Satellite view of Lets'eng Diamond Mine


In a highly unusual application, a group of villagers have asked the Lesotho High Court to order the Letšeng Diamond Mine to relocate them because they fear being engulfed by flooding from the mine’s slime dams.

Patising village is located downslope of Letšeng, an active mine. The villagers fear they could be swallowed up by flooding if the mine’s dams and impoundments burst.

The 19 villagers of Patising want to be relocated at the mine’s own cost as they cannot afford to move. They want to choose their new village in consultation with the mine.

Satellite view of Lets’eng mine and Patising village

“If we could, we would have relocated long time ago,” noted the first applicant, ‘Mapontšo Lematla, in her founding affidavit.

“We live in constant fear of what could become of us and our properties should the dams fail.”

Letšeng is set to oppose this application but it is yet to file its papers. “Kindly take notice that the First Respondent [Letšeng] hereby gives notice of its intention to oppose the abovementioned application,” attorney Mateboho Tohlang-Phafane notified the court on behalf of the mine.

The matter was elevated to the High Court after the mine rubbished allegations by the Maluti Community Development Forum (MCDF) that its dams were threatening lives of the community downstream.

MCDF is an interest group that defends the rights of the poor communities in the Lesotho’s mining areas.

In a letter to the MCDF dated June 4 this year responding to MCDF, Letšeng chief executive, Kelebone Leisanyane rejected plea to relocate the villagers, saying, “it is untrue to suggest that there is an ongoing fear of the dams causing any harm to the community”.

“Based on Letšeng’s confidence on the effectiveness of the controls it has put in place to ensure the safety of the both the dams and the community, Letšeng finds no need for the community to relocate and will not entertain any request for payment should any member of the community decide to do so.”

Owned by the British-based Gem Diamonds and the Lesotho government, Letšeng is the highest dollar per carat kimberlite diamond mine in the world.

In one of its exceptional findings, the mine discovered a 910-carat diamond sold for $40 million (M520 million) at an auction in Antwerp, Belgium in March 2018.

In the case in question, the villagers are represented by Advocate Thabo Lerotholi who is also the president of MCDF.

According to Lematla, the mine in 2012 met the Patising community with the purpose identifying effective emergency plans in the event that the dams failed and they were provided with sirens and two-way radios.
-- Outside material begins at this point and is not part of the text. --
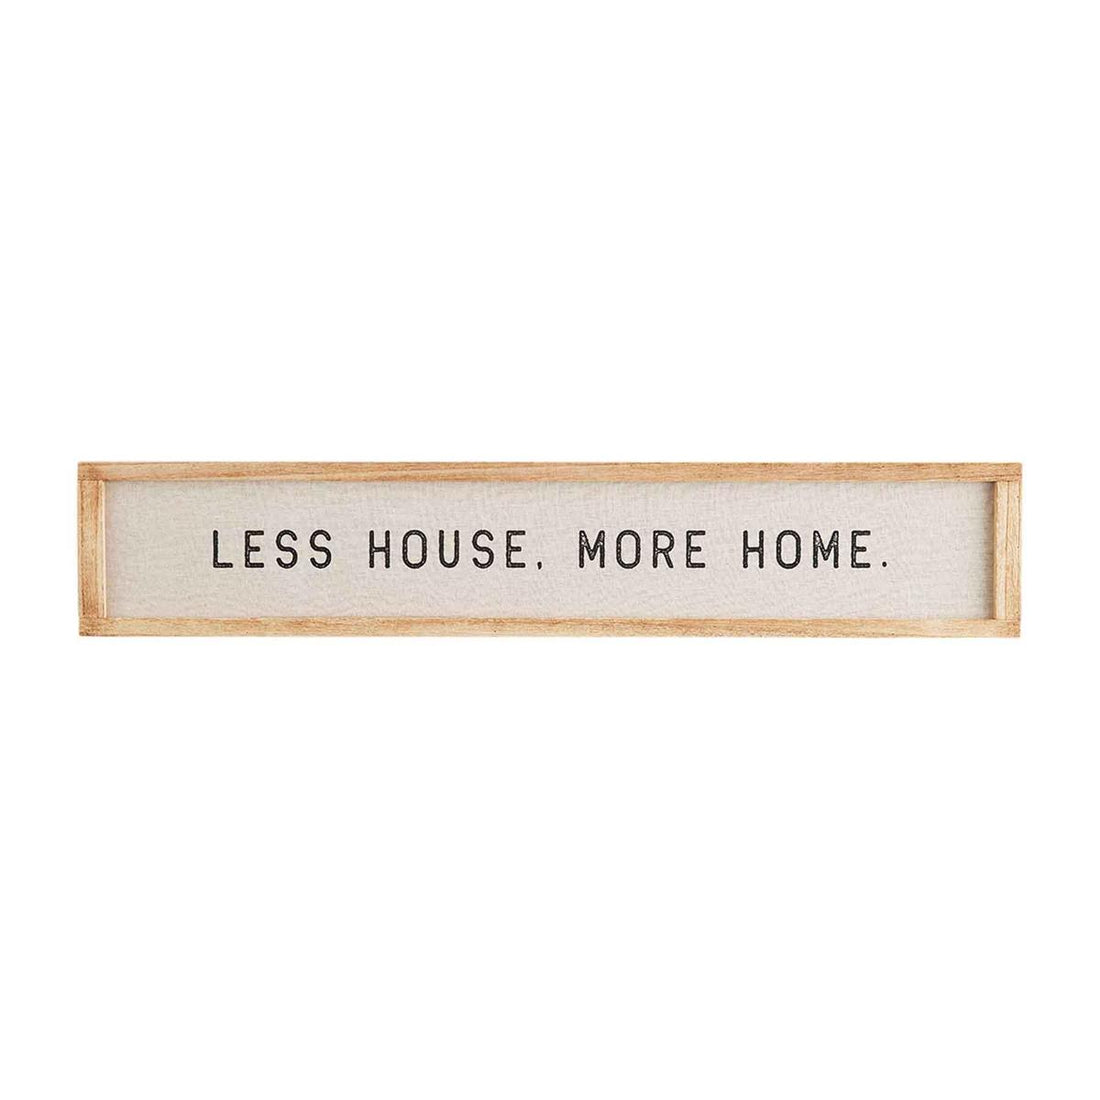 Less House. More Home

Lematla said this equipment was meant for use to warn members of the community to run for safety in the case of emergency associated with dam’s failure.

“This gesture by Letšeng only lent credence to our fear that there was a disaster waiting to happen because if Letšeng was 100% sure that the chance of the dams failing was zero, there would be no need to take those measures,” she argued.

Apart from the risks posed by the dams, Lematla said: “the stream water that we used to enjoy is no longer safe for our consumption and washing…we are now fearful of our water because we develop itching skin whenever we use the water, something that was never the case before.”

To address these issues, she said they have been engaging with Letšeng on numerus occasions through MCDF. “Every time MCDF engages with Letšeng on our behalf on the subject of their slime dams, Letšeng says their dams are safe.

“This they say despite the fact that Letšeng has made it clear in the past that our lives were at risk, hence their provision of the sirens and two-way radios [for emergencies].

“…one wonders how, the sirens and radios can prevent the disaster from happening. We cannot be expected to put our safety and that of our belongings on the sirens and radios.

“By now Letšeng should have realised that their answer does little or nothing to allay our fears and if they cared, [they] would have relocated us a long time ago, but as it is, Letšeng wants us to take their word over our fears and safety.”

Lematla submitted that on May 23, Patising community invited MCDF to hear their grievances against Letšeng, which culminated in the May 28 request asking the mine to help them relocate.

“First, it was our customary issue of slime dams, which we live in constant fear of. Second, was the issue of possible water contamination,” she noted.

“Regarding possible water contamination, on the 4th of June 2020, Letšeng said they were aware of the issue and were investigating [it]. This means prior to June 2020 they were already aware of the issue.

“At least three months have since elapsed and Letšeng is still investigating. It is this very nonchalant manner with which Letšeng addresses our concerns that we feel we should not leave it to Letšeng to decide our fate.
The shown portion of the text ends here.